瀬川は私から離れるが、走りながらもその様子はふらつき、とても戦闘に耐えられる様子ではない。
それに言っている事も支離滅裂だ。
私は無言で瀬川の手を掴んでひたすら走る。
「ちょわっ、なに考えてんの!?」
「それはこちらのセリフだ! 事ここに至ってはもはや逃げるしかない! 今更歩兵銃の攻撃でどうにかできると思ったのか!? 状況を見ろ!」
「うぅっ、それは……、そうね……」
正論を叩きつけてぐうの音も出ない瀬川。
しかし、バゥ・ロードは逃げる我々に対し追撃を止めない。
「また来るぞッ!」
糸の砲撃が行われた。
少しばかり距離を稼いだので、糸の砲弾は多少山なりに飛んでくる。
「あそこの建物だ! 建物の陰に逃げ込めッ!!」
よく食料品などが売っているスーパーの陰に皆を誘導する。
直撃が避けられるか、一か八かだ。
極太の糸は容赦なく建物を破壊し、轟音を立てて建物全体が一瞬で崩れ落ち、酸に溶かされ泡を立てながら溶け落ちる。

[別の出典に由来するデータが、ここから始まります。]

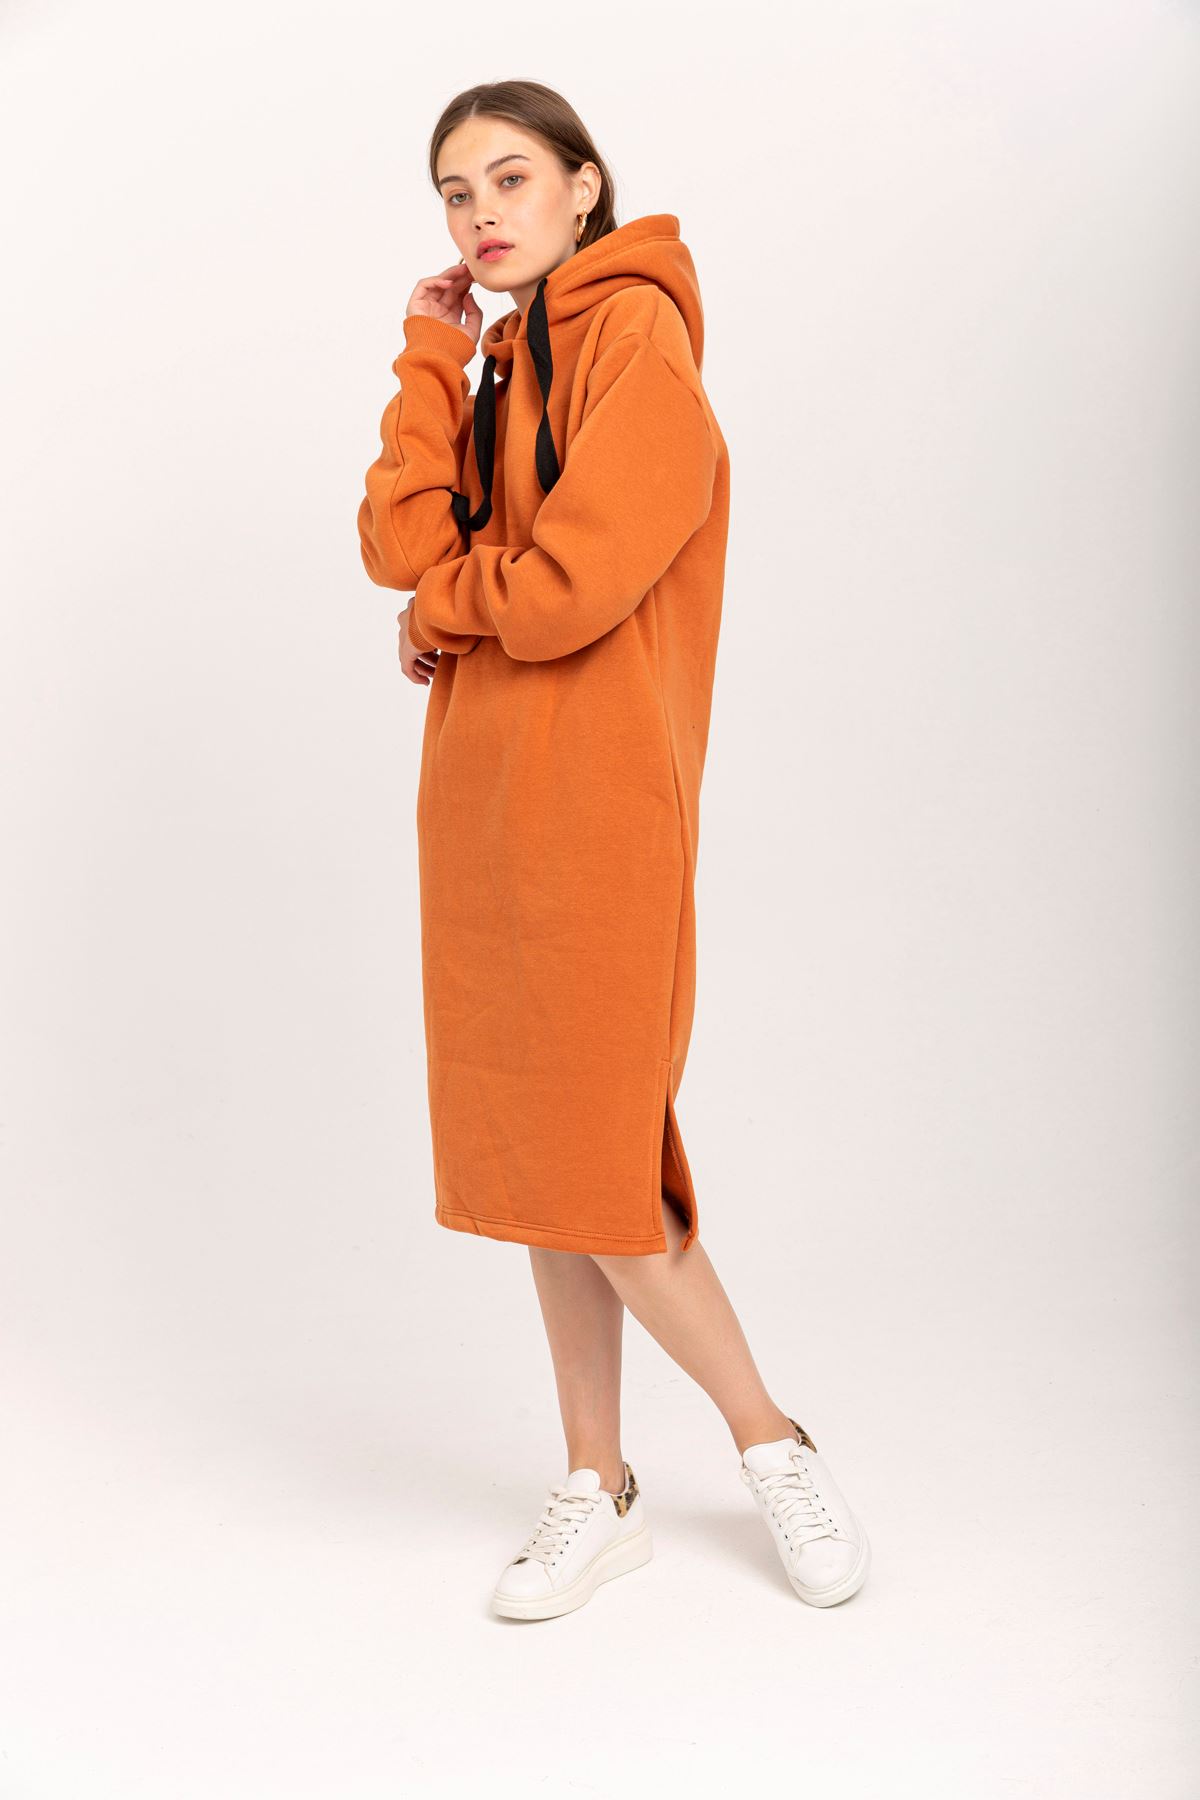 Third Knit With Wool İnside Fabric Long Sleeve Hooded Oversize Women Dress - Cinnamon 
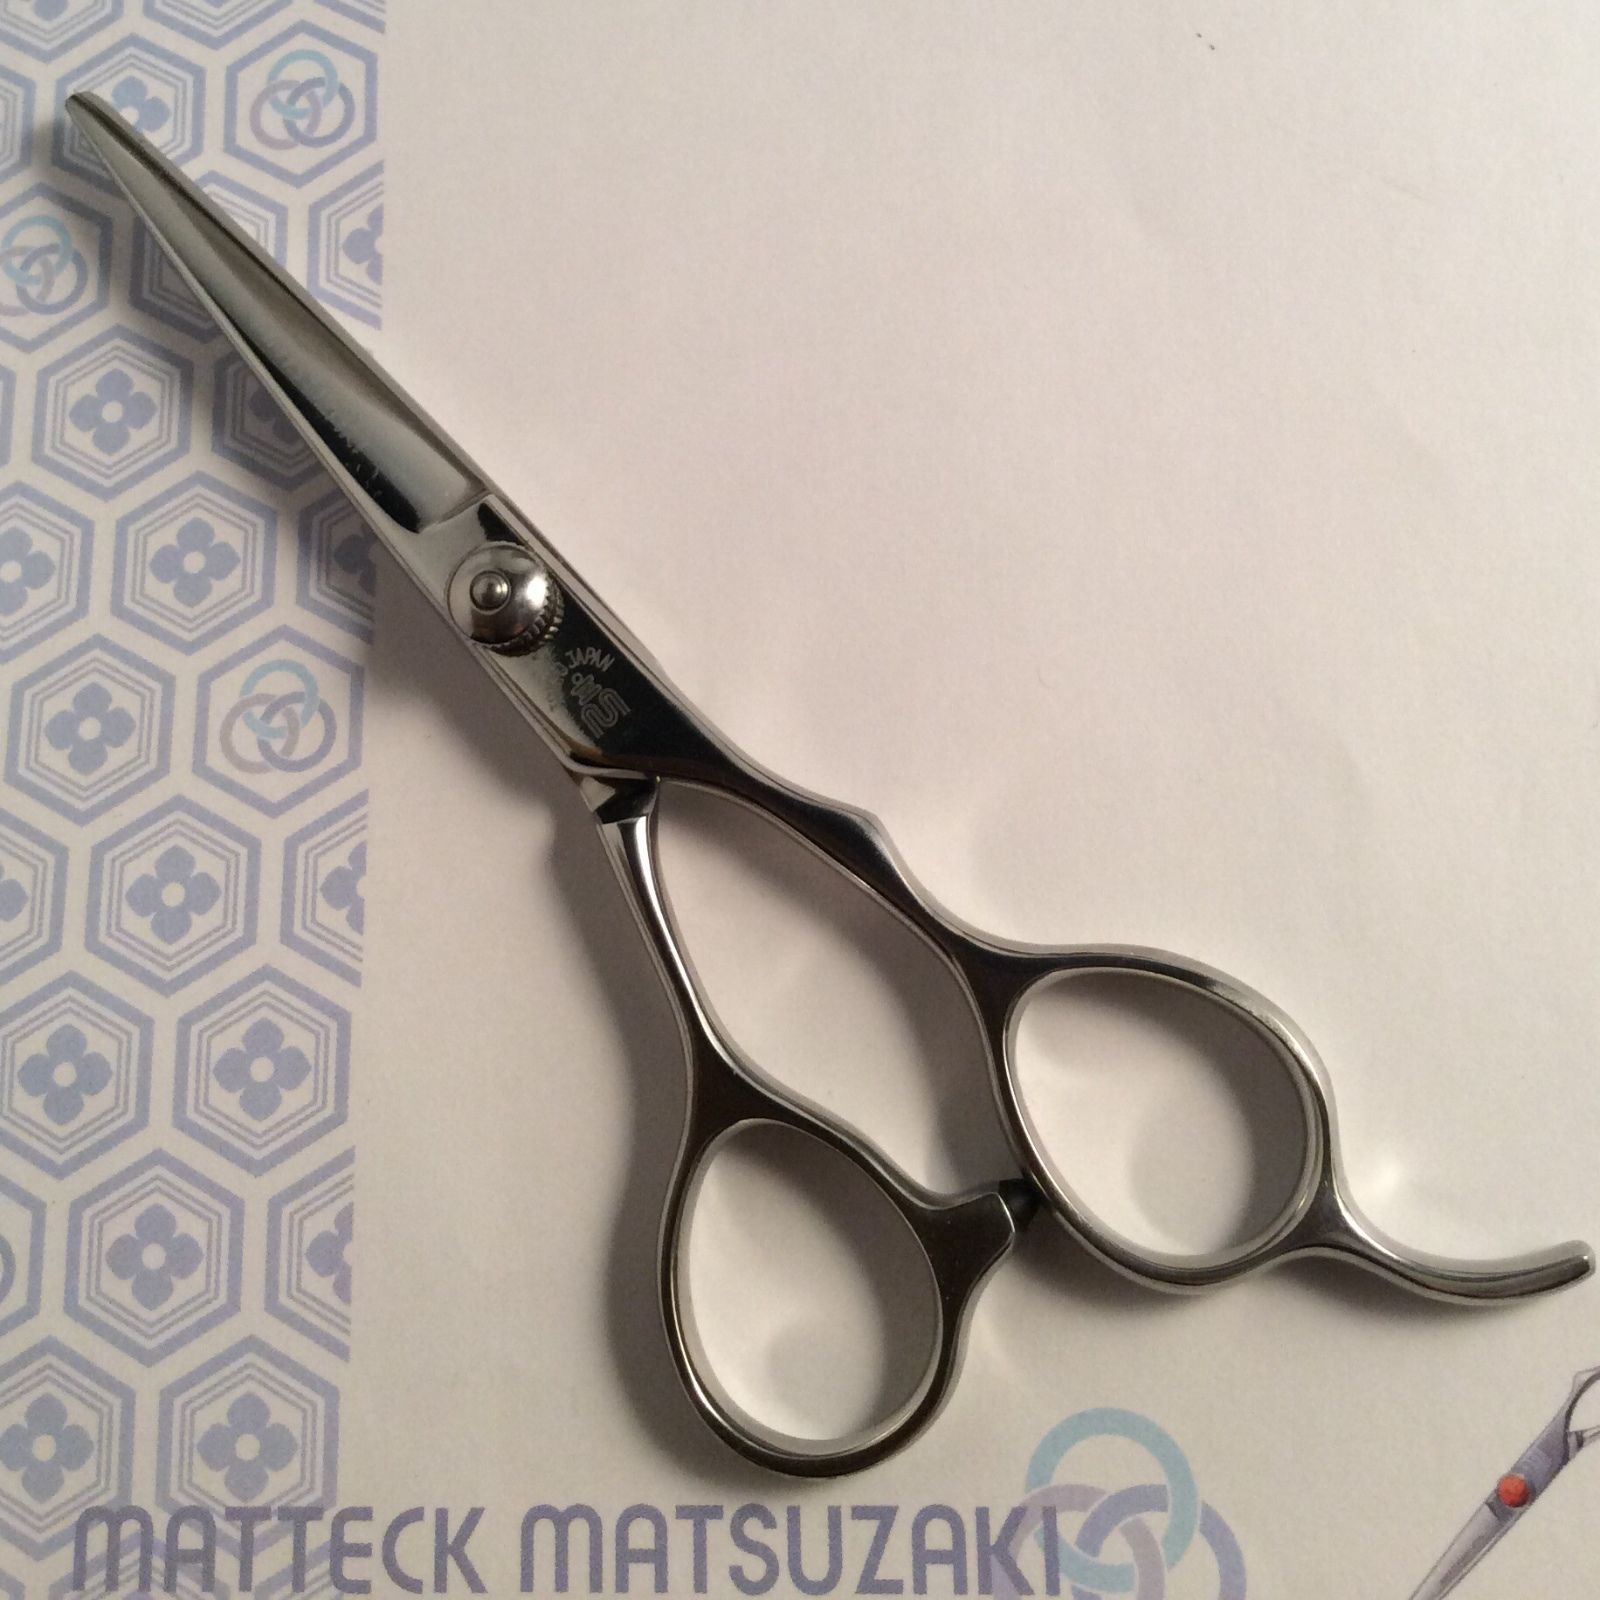 MATSUZAKI JAPAN HANDMADE ATK550 MM Stainless Scissors 5.5'UK￡550 ...

そして化学反応により内部にあった多彩な可燃物に引火して炎上する。
「皆、生きているか……!?」
私は当然、糸と瓦礫を見切り直撃こそ回避したが、飛び散る酸や糸の欠片などが付着し、蓄積されたダメージも無視できない。
「ごほっごほっ! なんとか無事だ……!」
「……ったく仕方ねぇな……! ここは俺が押さえてやんよ。行け」
ゆっくり立ち上がった御子柴が静かに言う。
「御子柴……、だが――」
「――わぁーってるって! 跳躍ユニットもねぇし、盾もない。パワードスケルトンの装甲だってアレ相手じゃそう持たねぇって。けどよ、”殿を務めるのはフェンサーの役目”だろ?」
その口調は軽い。顔も見えない。
しかし確かに、彼なりの決死の覚悟が垣間見えた。
陽気でふざけているように見えても、彼もまたEDFの誇りある兵士なのだ。
だが、それは誤りだ。
一人を残して撤退したところで、きっとあの怪物は我々を――私を逃しはしないだろう。
だから、ここで残るべきは――
『こちらタイタン! その必要はない。繰り返す、その必要はない! 総員バゥ・ロードから距離を取れ! む? 既に距離は空いているな。ならば良し! 目標が射程に入った。直ちに砲撃を行う!!』
タイタンからの長距離通信!?
まだ先ほどから五分と経っていない、早すぎる。
『レクイエム砲! てぇーーーッ!!』
だがタイタンの主砲は、躊躇いなくバゥ・ロードに振り下ろされた。
バゥ・ロードは音速の数倍で迫るレクイエム砲に反応し、迎撃を行った。
砲弾は直前で迎撃され、余剰となった糸はまだ地平線の向こうのタイタンに容赦なく直撃する。
タイタンとバゥ・ロードの、砲弾と糸の交差する砲撃戦が、始まる!
タイタン到着です!
やっぱ巨大戦車は大型の敵との戦いで力を発揮すると思うんですよ
だって絵になるしね!
サッカーグレネードとはEDF2で登場した武器です。
恐らくEDF5などではスティッキーグレネード試作型と名前を書いて登場していますが使った事ないので不明です。
サッカーグレネードD=スティッキーグレネードαとなっているのですが、それは一発の吸着爆弾に対し、サッカーグレネードは20発の吸着爆弾が拡散して射出されます
よくソラスなんかに使った覚えがありますが、上位武器はまだ出せない上、今時EDF2より出典なのであまり馴染みは無いかもしれませんね。
もっと時代が進んだら、インフェルノ攻略とかで見る馴染みある武器が出せると思うので頑張って進めます!